И, несмотря на то, что все участники дела, бродя по берегам перейденного Рубикона, мечтают уже об обратной переправе, готовится помолвка. Пушкин мечется в поисках денег и вдруг вспоминает, что он – ему был только 31 год – не спросил еще позволения у своих нянь. Он пишет Бенкендорфу соответствующее письмо, в котором, указывая, что если его материальное положение довольно сносно, то вот «г-жа Гончарова боится отдать дочь за человека, имеющего несчастье пользоваться дурной репутацией в глазах государя.

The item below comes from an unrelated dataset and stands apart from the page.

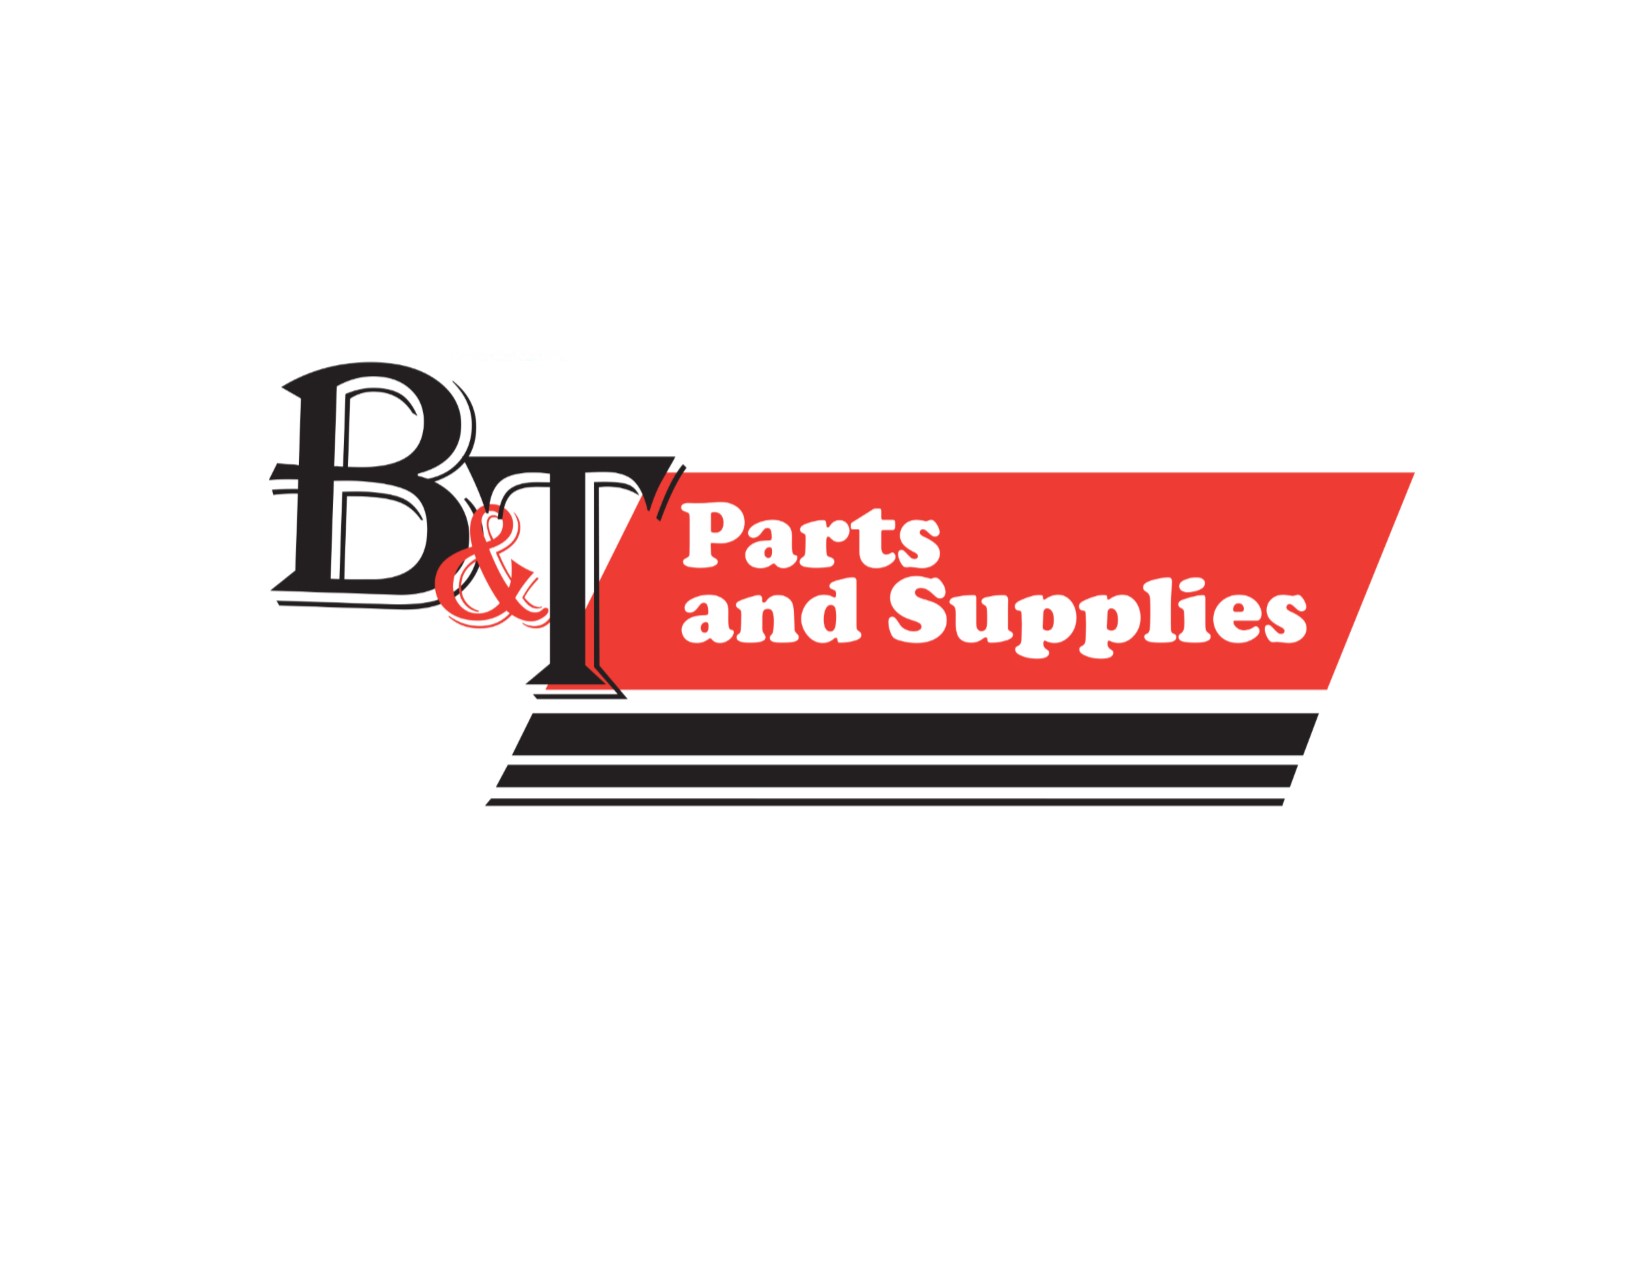 B&T Parts and Supplies

Мое счастие зависит от одного слова благоволения Того, к Которому моя преданность и благодарность уже и теперь чисты и безупречны». И Бенкендорф, не торопясь, ответил Пушкину письмом, в котором сообщал ему, что его императорское величество, «с благосклонным участием приняв известие о вашей предстоящей женитьбе, удостоил заметить по сему случаю, что Он надеется, что вы, конечно, хорошо допросили себя раньше, чем сделать этот шаг, и нашли в себе качества сердца и характера, какие необходимы для того, чтобы составить счастье женщины, и в особенности такой милой, интересной женщины, как м-ль Гончарова». А что касается до отношения его величества к самому Пушкину, то оно вполне доброжелательно: пусть только Пушкин руководствуется теми дружескими советами, которые всегда готов преподать ему он, генерал Бенкендорф…

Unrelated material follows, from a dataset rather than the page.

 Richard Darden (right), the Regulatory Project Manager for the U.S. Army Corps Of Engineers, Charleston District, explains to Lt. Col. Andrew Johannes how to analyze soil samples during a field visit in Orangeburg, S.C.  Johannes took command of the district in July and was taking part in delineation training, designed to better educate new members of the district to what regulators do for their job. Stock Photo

Состоялась помолвка… Поссорившись несколько раз с Натальей Ивановной, Пушкин скачет в Петербург, чтобы получить от отца обещанные «двести душ мужского пола с женами и детьми», печатать «Бориса Годунова» и немножко передохнуть от московского угара. И – всех поражает не только легкостью, но цинизмом, с которым он говорит о своей свадьбе. И если Наташе пишет он оттуда, что очень скучает и что предполагает сократить свое пребывание тут, сколько возможно, то княгине Вяземской в то же время сообщает, что он веселится и не знает, когда и как возвратится он в Москву…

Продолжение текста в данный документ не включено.